Method: This cross-sectional study was conducted at Ghaem Hospital, Mashhad, in 2023. Patients with histopathologically confirmed primary brain tumors (gliomas and meningiomas) who had previously received treatment and presented with suspected tumor recurrence based on imaging findings were included. After injection of 99mTc-HYNIC-Octreotide, whole-body SPECT/CT imaging of the head and other suspicious areas was performed. Two nuclear medicine specialists independently reviewed scans. Radiopharmaceutical uptake was assessed qualitatively by comparing absorption in lesions to liver and splenic uptake, with scoring based on the Krenning score. The uptake in lesions (target) and their corresponding mirrored normal brain regions (non-target) was calculated using ROI measurements.
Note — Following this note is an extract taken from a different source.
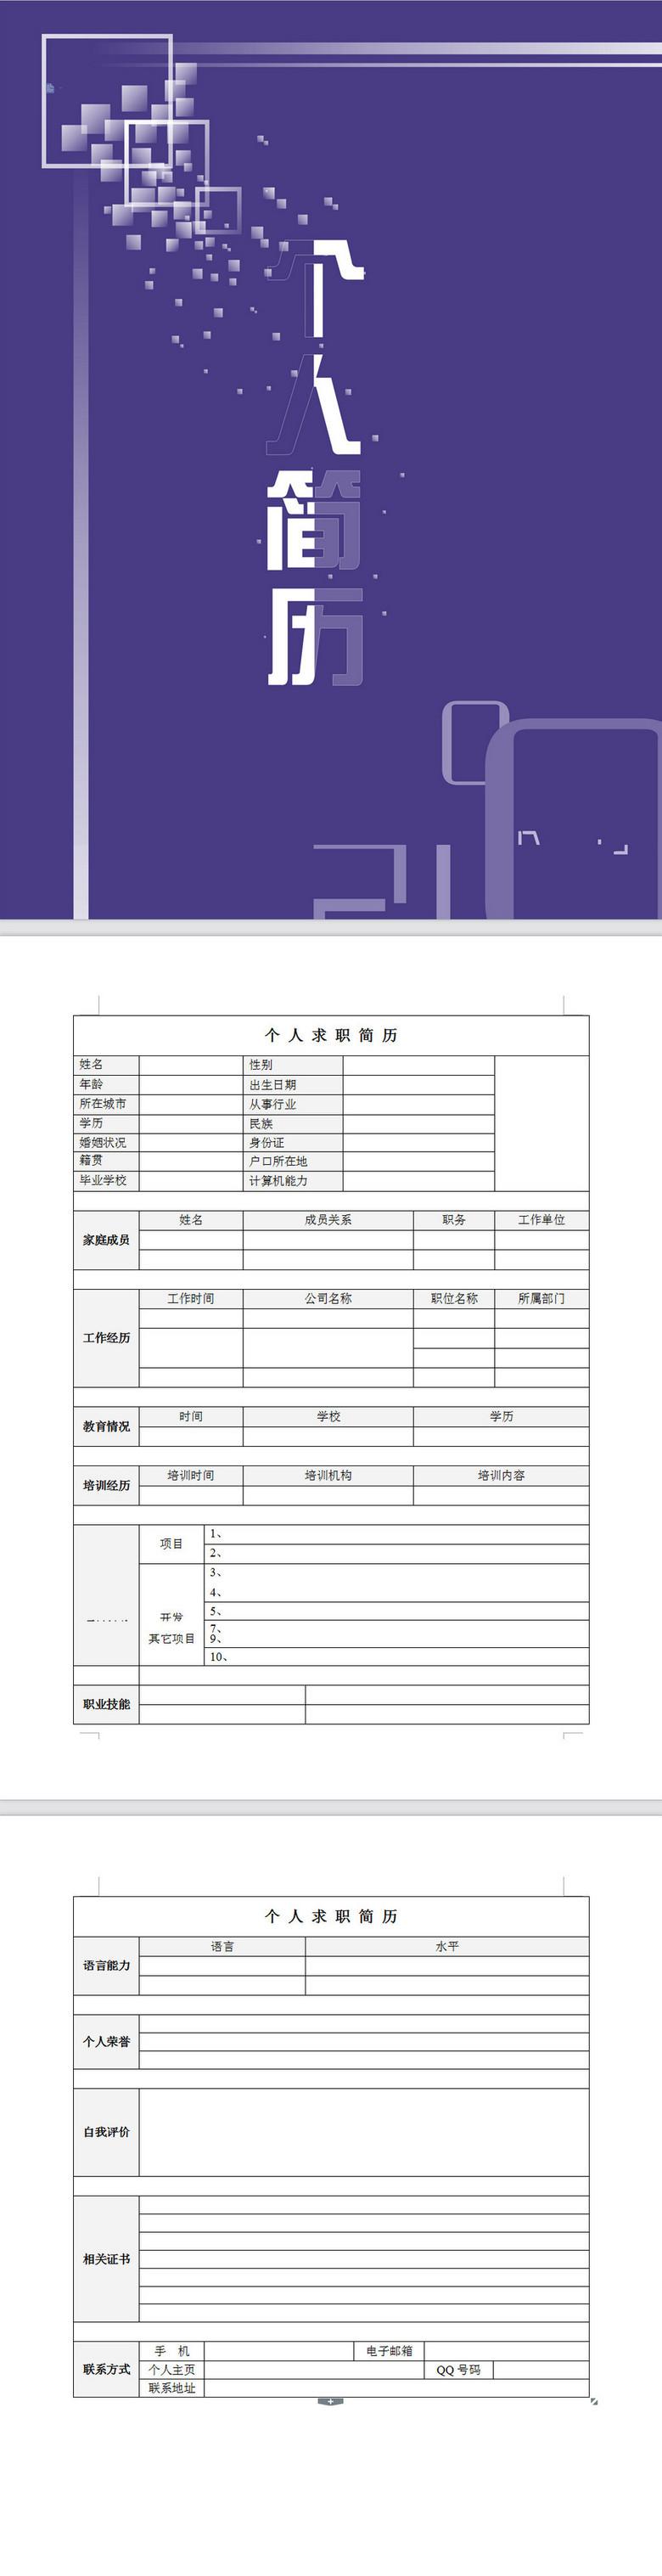 word文档 简历模板 个人简历模板 > 个性彩色求职简历word模板  版权图片

Results: Out of 24 patients, scans from 18 (mean age: 51.39±12.25 years; range: 35-74) were analyzed due to technical issues and missing images. Of these, 10 (55.6%) were women. Somatostatin receptor expression was observed in all lesions. Meningioma had significantly higher receptor expression compared to gliomas (P=.003). Maximum and target-to-non-target uptake differences were significantly greater in meningioma than in astrocytoma (P=.047, P=.044) and glioblastomas (P=.025, P=.026). Gliomas, including astrocytoma and glioblastomas, consistently showed low receptor expression, and no significant differences in receptor expression were observed between astrocytoma and glioblastomas.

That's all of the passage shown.